EngiAgent: Fully Connected Coordination of LLM Agents for Solving Open-ended Engineering Problems with Feasible Solutions
Pith reviewed 2026-05-09 16:29 UTC · model grok-4.3
The pith
A fully connected coordinator among LLM agents produces feasible solutions for open-ended engineering problems by routing feedback between specialized stages.
A machine-rendered reading of the paper's core claim, the machinery that carries it, and where it could break.
Core claim
We propose EngiAgent, a multi-agent system with a fully connected coordinator that simulates expert workflows through specialized agents for problem analysis, modeling, verification, solving, and solution evaluation. The fully connected coordinator enables flexible feedback routing, overcoming the rigidity of prior pipeline-based reflection methods and ensuring feasibility at every stage of the process. This design not only improves robustness to diverse failure cases such as data extraction errors, constraint inconsistencies, and solver failures, but also enhances the overall quality of problem solving.
What carries the argument
The fully connected coordinator that routes feedback in any direction among agents specialized in problem analysis, modeling, verification, solving, and solution evaluation.
If this is right
- Higher feasibility rates across four representative engineering domains compared with earlier LLM approaches.
- Better handling of specific failure modes including data extraction errors, constraint inconsistencies, and solver crashes.
- Improved solution quality because feasibility is checked and enforced at every step instead of only at the end.
- A shift toward feasibility-focused workflows when LLMs are applied to open-ended engineering tasks.
Where Pith is reading between the lines
- The same coordination pattern might transfer to other domains that require repeated constraint checking, such as scientific modeling or regulatory design.
- Coordination overhead could become noticeable on very large problems, suggesting a need to test how the network scales with problem size.

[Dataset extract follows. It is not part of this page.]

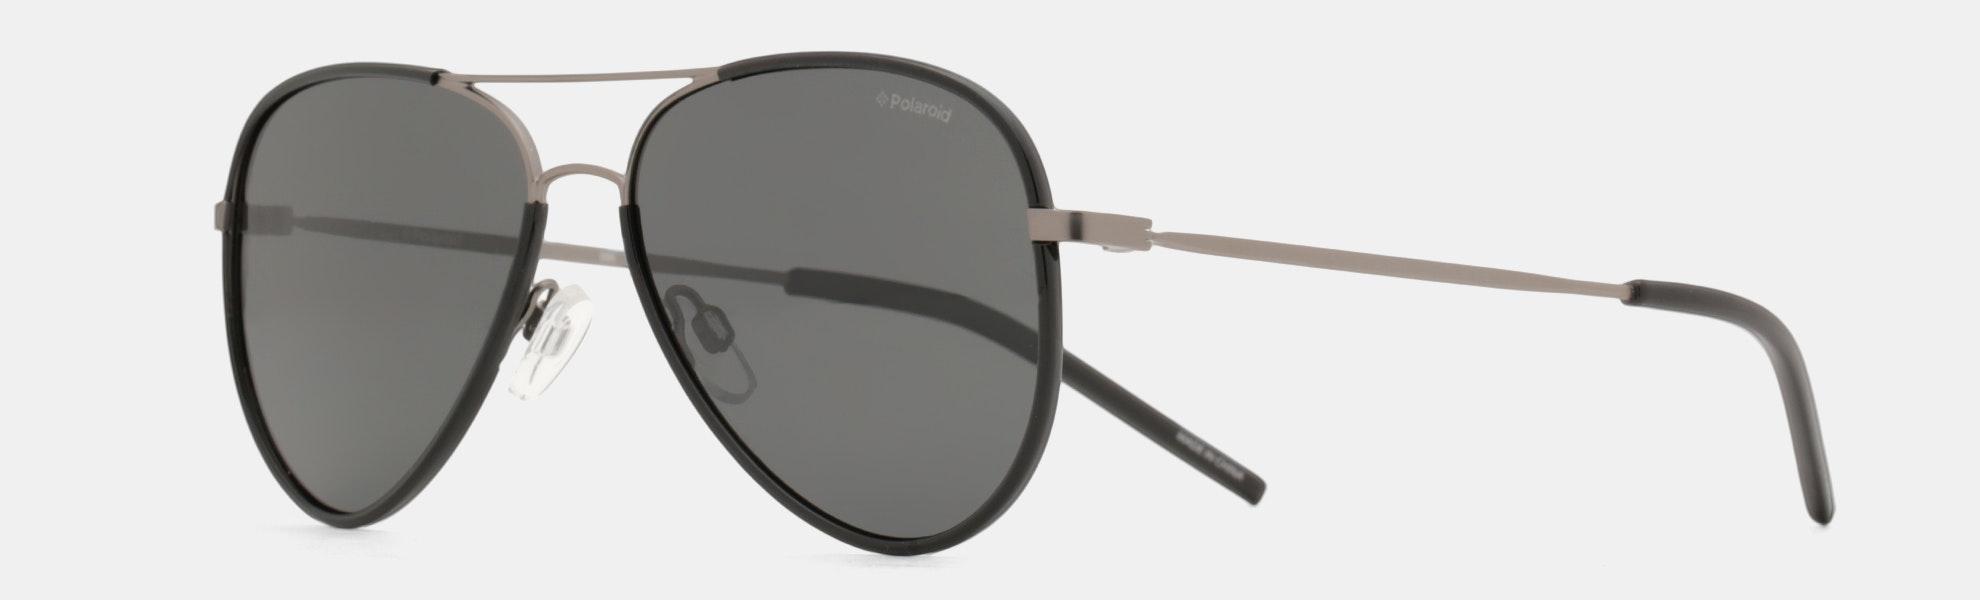 Polaroid Lightweight Polarized Aviator Sunglasses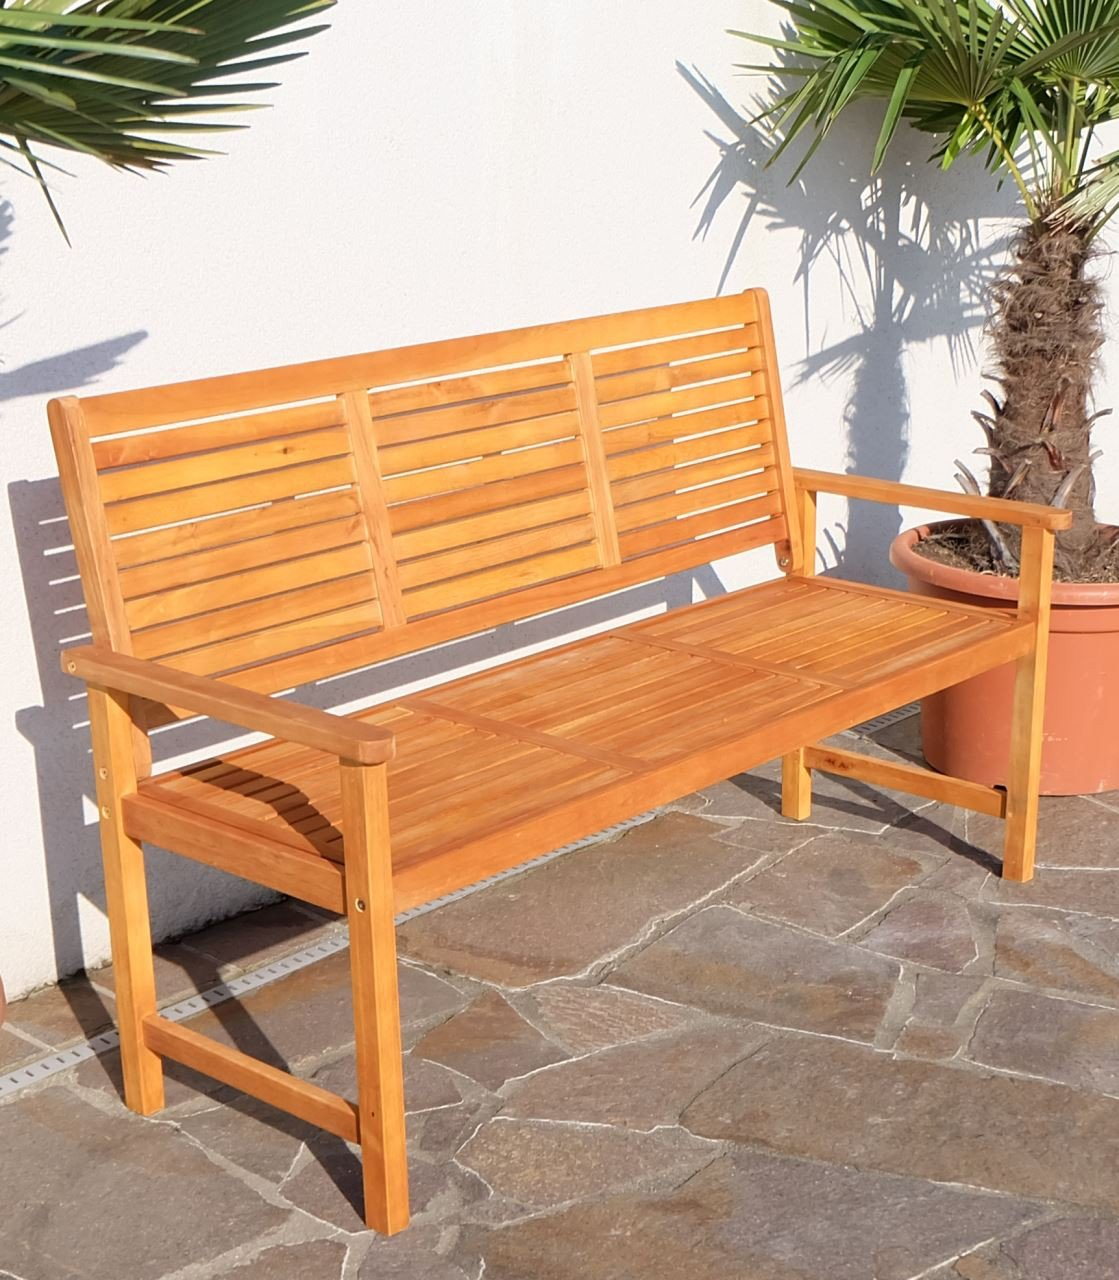 Design Gartenbank Parkbank Sitzbank 3-Sitzer Bank Gartenmöbel Holz Eukalyptus w.Teak Modell: 'SARIA-EU' von AS-S

- Adding direct interfaces to external solvers or simulators inside the agents could reduce the number of internal iterations required.
Load-bearing premise
That the flexible feedback routing provided by the fully connected coordinator overcomes the rigidity of pipeline-based methods and keeps every stage feasible.
What would settle it
A head-to-head test on the same engineering benchmarks in which EngiAgent shows no gain in feasibility rate over a standard pipeline of LLM agents.
Figures
read the original abstract
Engineering problem solving is central to real-world decision-making, requiring mathematical formulations that not only represent complex problems but also produce feasible solutions under data and physical constraints. Unlike mathematical problem solving, which operates on predefined formulations, engineering tasks demand open-ended analysis, feasibility-driven modeling, and iterative refinement. Although large language models (LLMs) have shown strong capabilities in reasoning and code generation, they often fail to ensure feasibility, which limits their applicability to engineering problem solving. To address this challenge, we propose EngiAgent, a multi-agent system with a fully connected coordinator that simulates expert workflows through specialized agents for problem analysis, modeling, verification, solving, and solution evaluation. The fully connected coordinator enables flexible feedback routing, overcoming the rigidity of prior pipeline-based reflection methods and ensuring feasibility at every stage of the process. This design not only improves robustness to diverse failure cases such as data extraction errors, constraint inconsistencies, and solver failures, but also enhances the overall quality of problem solving. Empirical results across four representative domains demonstrate that EngiAgent achieves substantial improvements in feasibility compared to prior approaches, establishing a new paradigm for feasibility-oriented engineering problem solving with LLMs. Our source code and data are available at https://github.com/AI4Engi/EngiAgent.
Editorial analysis
A structured set of objections, weighed in public.
Referee Report
Summary. The manuscript introduces EngiAgent, a multi-agent LLM framework for open-ended engineering problem solving. It deploys specialized agents for problem analysis, modeling, verification, solving, and solution evaluation, linked by a fully connected coordinator that routes feedback flexibly to enforce feasibility at each stage. The central claim is that this architecture yields substantial feasibility gains over prior pipeline-based methods across four representative domains, with code and data released at a GitHub repository.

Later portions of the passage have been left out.